How to set up an ROI-focused Google Adwords budget
To get an ROI-focused budget working for your business follow these 5 steps:
Step 1: Find out your websites conversion rate:
To find your website conversion rate for each campaign look in your Google Analytics.
You’ll want to go to Acquisition > Adwords > Campaigns. Change the date range to the last 3-6 months. But make sure you have at least 200 clicks for each campaign.
Now export this data into excel and save it for later.
Step 2: Work out your business strike rate
This will depend on your sales funnel. There are 2 common cases here:
Case #1: Your website conversion is a sale, usually in e-commerce. You can skip this step.
Case #2: Your conversion is a website lead and you still haven’t closed a sale yet.
If you’re case #2 then you need to work out your strike rate. For example, if you get 50 leads but you only make 25 sales your strike rate is 50%.
In this case, you’ll need to work out your profitable cost per conversion with this in mind. If you don’t have internal data with these numbers start collecting them immediately.
Step 3: Working out a profitable conversion for your business
We will work out your cost per conversion target for Adwords. To do this you will need all the costs involved in making a sale.
Here’s the formula if you don’t have to worry about strike rate:
Total sales – (cost of goods sold + operating costs) = net income
For example: $12,000 – ($8,000 + $2,000) = $2,000
In this case, the business would make $2,000 per sale. How much would you be willing to spend on advertising on Google. Possible $500.
If you get website leads but still need to convert them offline the formula is a little different:
(Total sales – (cost of goods sold + operating costs) = net income) * strike rate
For example: ($12,000 – ($8,000 + $2,000) = $2,000) * 0.50 = $1,000
With a strike rate on leads of 50% this business will make $1,000 per sale. And may want to spend less on Adwords.
Step 4: Setting your conversion target
You should now have your target cost per conversion and website conversion rate.
We need to make sure our bids are set to result in profitable conversions. Here’s how to work it out:
Target cost per conversion * Conversion rate = Max CPC
$500 * 0.05 = $25
In this example, to make a profit, based on a 5% website conversion rate you should pay no more than $25 per click in AdWords.
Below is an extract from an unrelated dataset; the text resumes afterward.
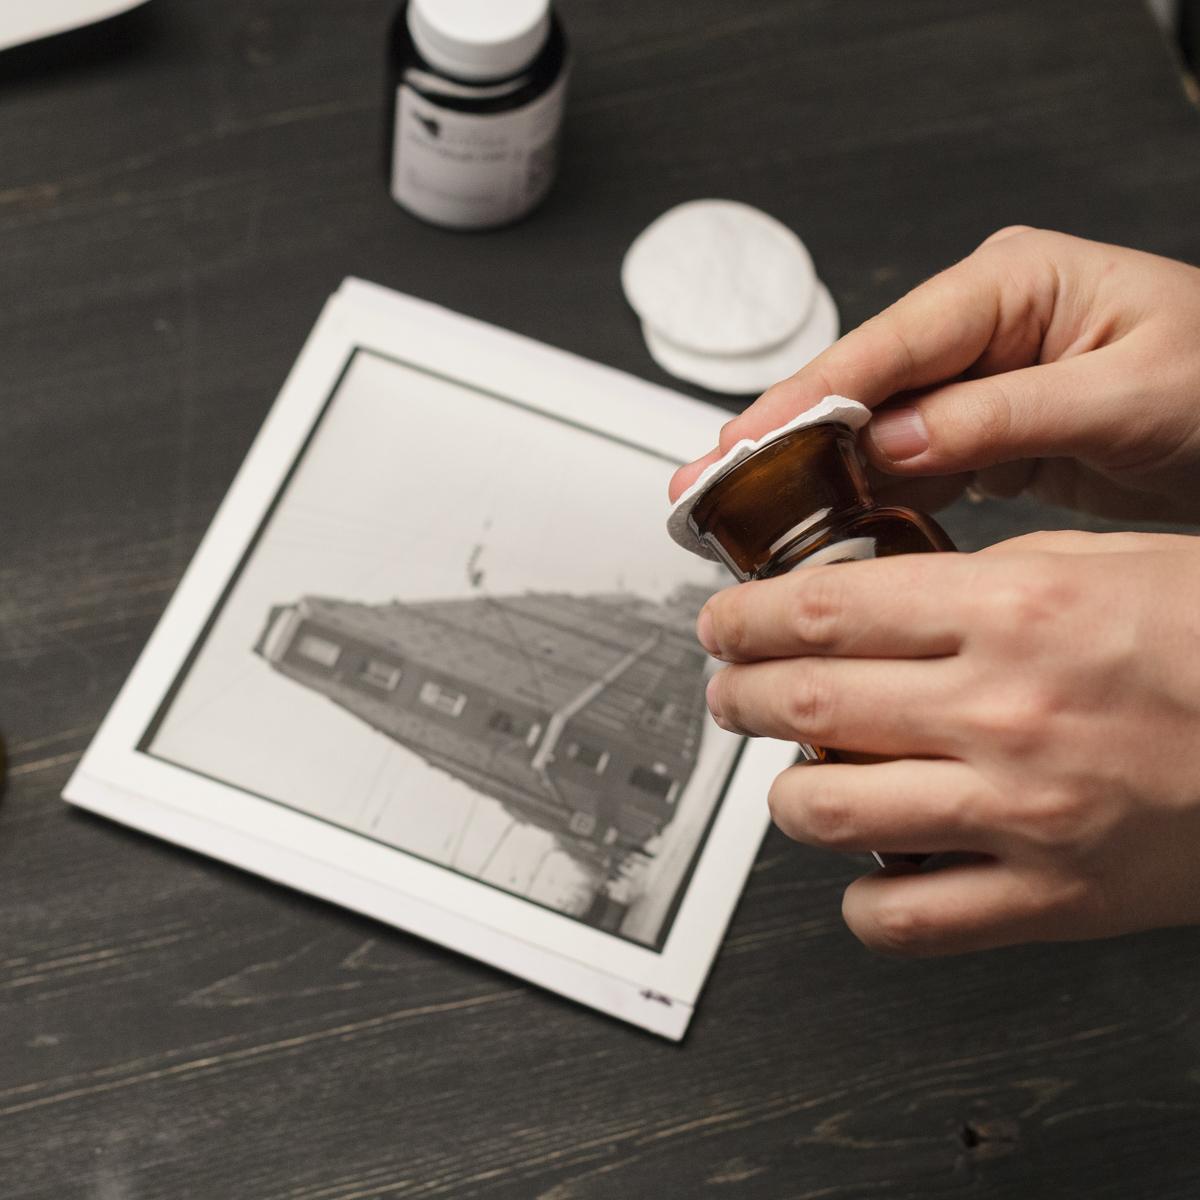 Нанесение матового лака на отпечаток

Step 5: Work it out by campaign
Head back to your Excel file from earlier and repeat the above process for each campaign.
If your campaigns have products that range dramatically it may be worth doing it on an ad group level.
A good way to go about managing your cost per conversion target is to rename the campaign or ad group to reflect it.
Example: Men’s Shoes Campaign – $25 CPA target
This helps you whilst managing your bids.